Требование непротиворечивости. «Говорят, что посредине между двумя противоположными мнениями лежит истина. Никоим образом! Между ними лежит проблема» (И.В. Гете). Одним из самых очевидных методов проблематизации является норма непротиворечивости. Противоречие есть резкая форма когнитивной несвязности, когда одно и то же утверждается и в то же время отрицается. Важно отметить два аспекта идеала непротиворечивости: в отношении знания-результата он действует в негативной форме запрета, но для конструирования проблемы срабатывает позитивная сторона – когнитивное противоречие нужно найти, оценить и придать ему форму проблемы. Эту двойственность очень хорошо выразил английский ученый и философ Н.А. Уайтхед: «В формальной логике противоречие является сигналом бедствия, но в развитии реального знания оно означает первый шаг по направлению к успеху». Трудно переоценить значение идеала непротиворечивости, достаточно отметить, что у греков оно стало основой теоретической науки. Доказательство геометрических теорем предполагает прием «сведения к абсурду», что является частной формой нормы непротиворечивости.

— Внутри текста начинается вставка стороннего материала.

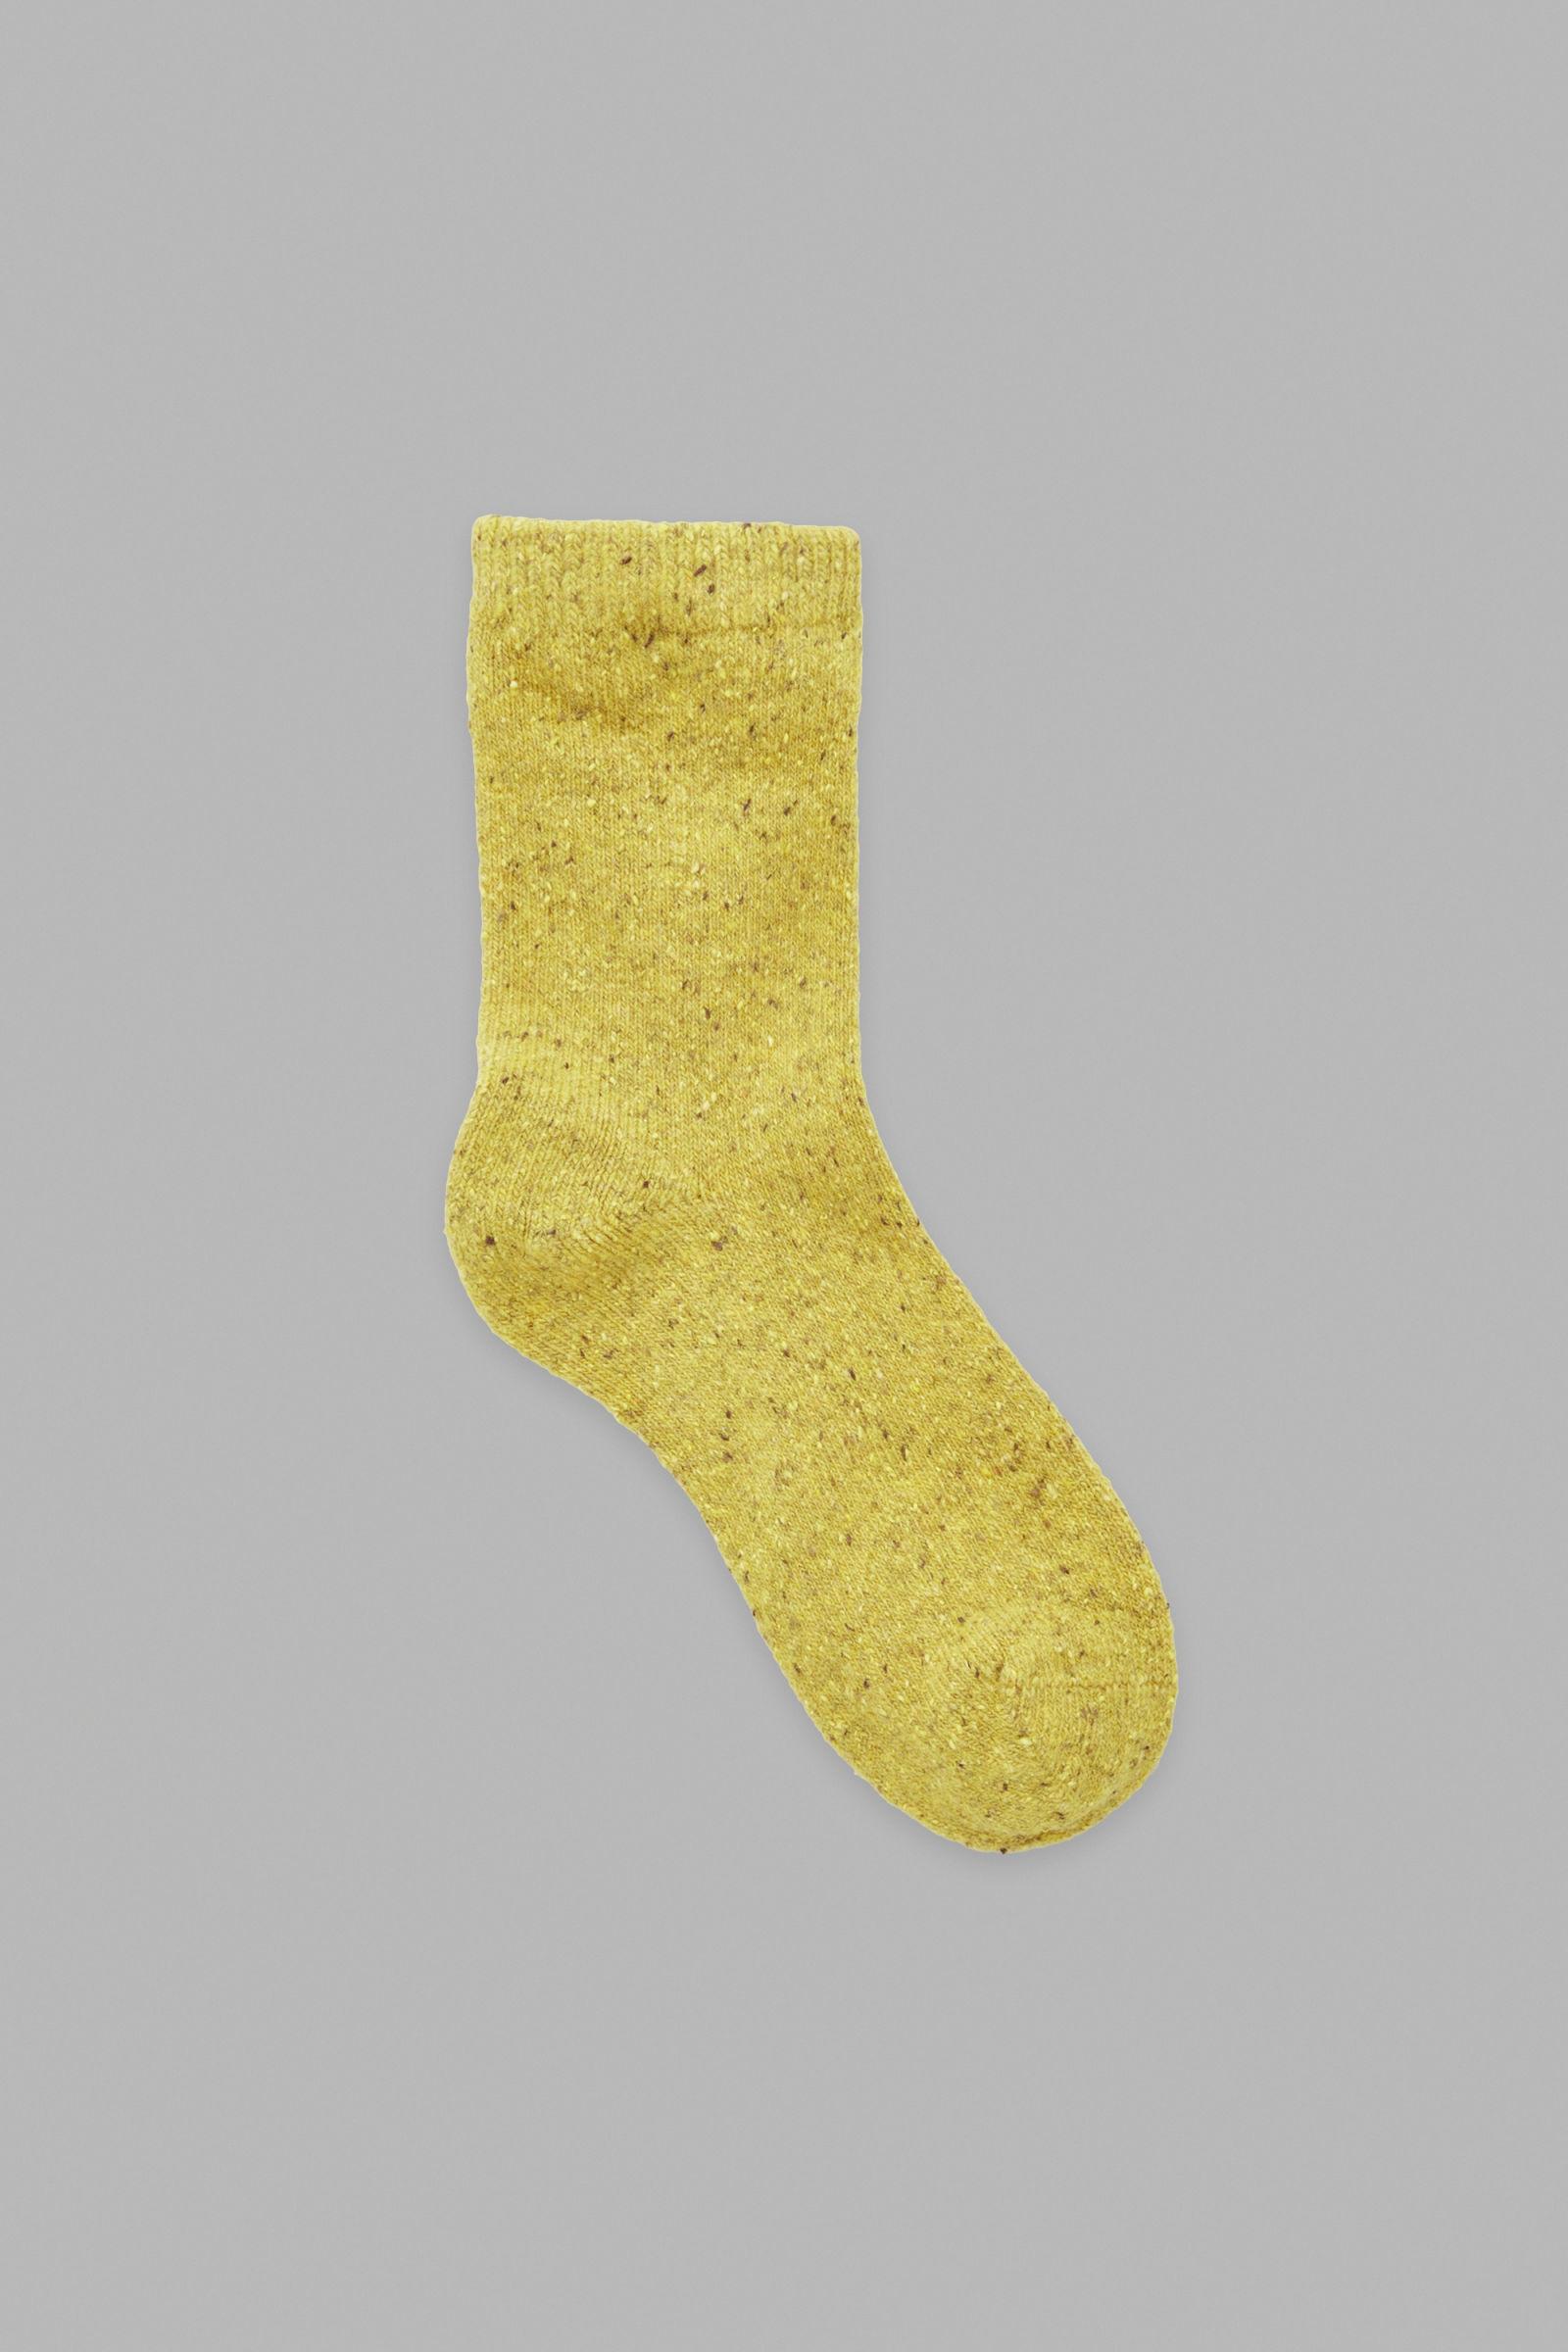 Cos Flecked Socks $11

Своеобразную трактовку идеалу непротиворечивости дал социальный психолог Л. Фестингер. В человеческой культуре сформировалась норма, согласно которой требуется, чтобы все когнитивные элементы были приведены к внутреннему согласию и соответствию. Но такое состояние консонанса может быть только относительно конечным, ибо реальные ситуации чаще всего далеки от него. Речь идет о таких ситуациях, когда в нашем сознании мы фиксируем элементы, отрицающие друг друга и противостоящие друг другу. Такие положения, сопряженные с психическим дискомфортом, можно назвать «когнитивным диссонансом», и их нельзя оценивать негативно, так как они порождают стремление к интеллектуальной и практической активности. Все усилия направляются к тому, чтобы перейти от когнитивного диссонанса к когнитивному консонансу1. Здесь совсем нетрудно обнаружить в первом проблему, а во втором – результат мышления.

Рис. 118

Идеал непротиворечивости в различных видах познавательной деятельности обретает специфическую конкретную форму. Эффект конкретизации достигается за счет сочетания идеала с другими ценностными нормами, которые могут иметь отнюдь не универсальный характер. Таковыми являются каноны, присущие определенному историческому периоду или отдельной этнической культуре. Так, у античных греков конечная мера считалась высокой положительной ценностью, а все виды бесконечности оценивались негативно. И это была нормативность, давшая два ведущих требования логико-теоретического мышления: а) правильный вывод должен производиться из конечного числа посылок за конечное количество шагов рассуждения; б) регресс в бесконечность есть абсурд или ошибка мышления. Правило непротиворечивости может конкретизироваться дисциплинарными нормами. Если взять развитие технических систем, то здесь началом каждого открытия выступает изобретательская задача. Ее ядром является техническое противоречие: «идеальный конечный результат» – реальная техническая система с рядом недостатков. Подобная специфичность отличает любую специальную проблему.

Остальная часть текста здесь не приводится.